Remember that if you did not discover how to put the
source ~statgen/.statgen.cshrc
into your own .cshrc (or equiv.)
file, you will need to give this command each
time you log on, to access the statgen programs.
A: PHASE Assignment
A1) Try applying Clark's algorithm (by hand) to estimate the
haplotypes of each individual given the following genotype data on 5
SNPs in 6 individuals. I have reformatted the data, so each pair of
digits is the genotype at a SNP locus, and each row is an individual.
Does the algorithm give a unique solution?
| 10, 10, 10, 10, 10
|
| 00, 00, 00, 11, 10
|
| 00, 00, 00, 10, 00
|
| 10, 10, 10, 11, 00
|
| 11, 11, 11, 11, 00
|
| 00, 00, 00, 10, 11
|
A2) Use the PHASE program
to estimate the haplotype
frequencies and haplotypes for each individual in the problem above.
The data set in the file phase.inp is the same data as above,
but in Matthew Stephens' format!
Compare
your estimates with the estimates you get from Clark's algorithm.
To run PHASE:
1. Go to the small PHASE example input data file
phase.inp.
Copy the PHASE example file
phase.inp, into your b550 working directory on abacus
-- or to wherever you want
to run PHASE.
2. run PHASE by typing, for example :
% PHASE phase.inp phase.out
The program prints some information to the screen and also produces
several output files with names starting phase.out_... .

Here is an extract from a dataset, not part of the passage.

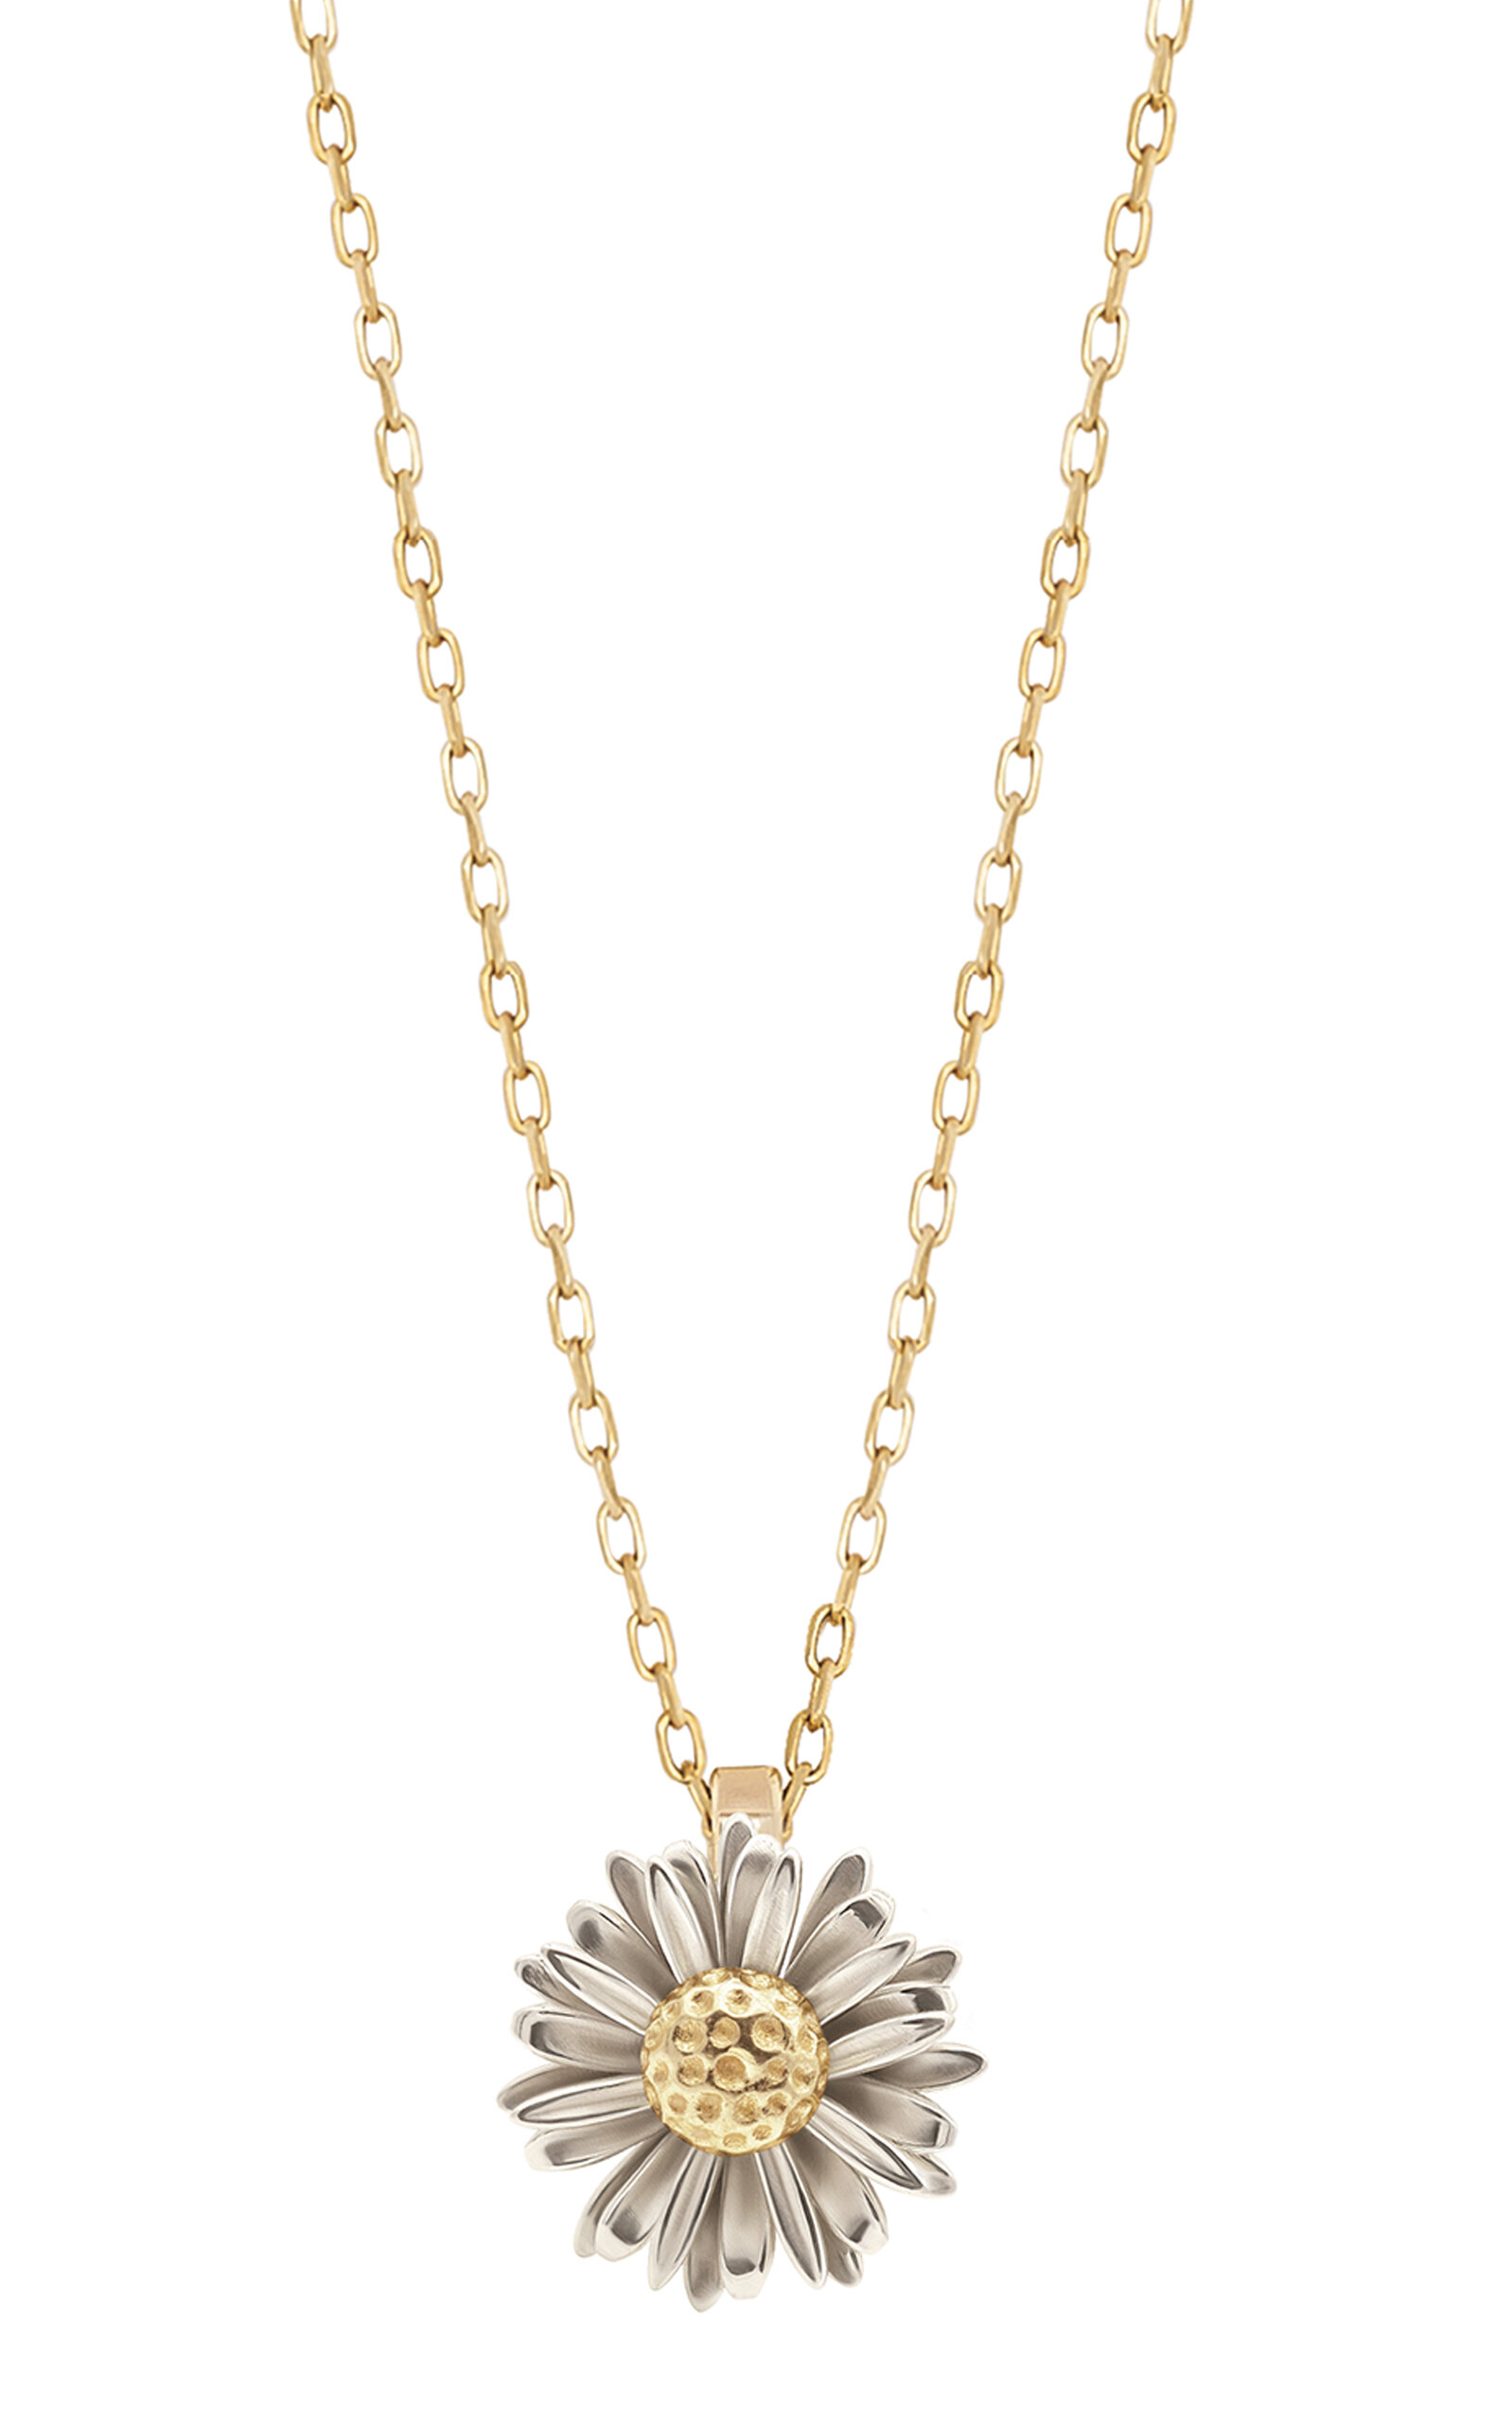 Bernard James Women's Flora Maxi 14K Yellow and White Gold Necklace

3. examine the output in the file
phase.out_pairs (which lists the most probable haplotype pairs
for each individual, along with their estimated probabilities), and
the file phase.out_freqs which gives estimates of
the population frequencies of each haplotype.
Write a couple of brief paragraphs explaining the output, and comparing
the results with Clark's algorithm.
Here
are the full
instructions for the PHASE software, if you need
them, or are interested in understanding the input format etc.
However, if you have problems, the first thing to do is to email me!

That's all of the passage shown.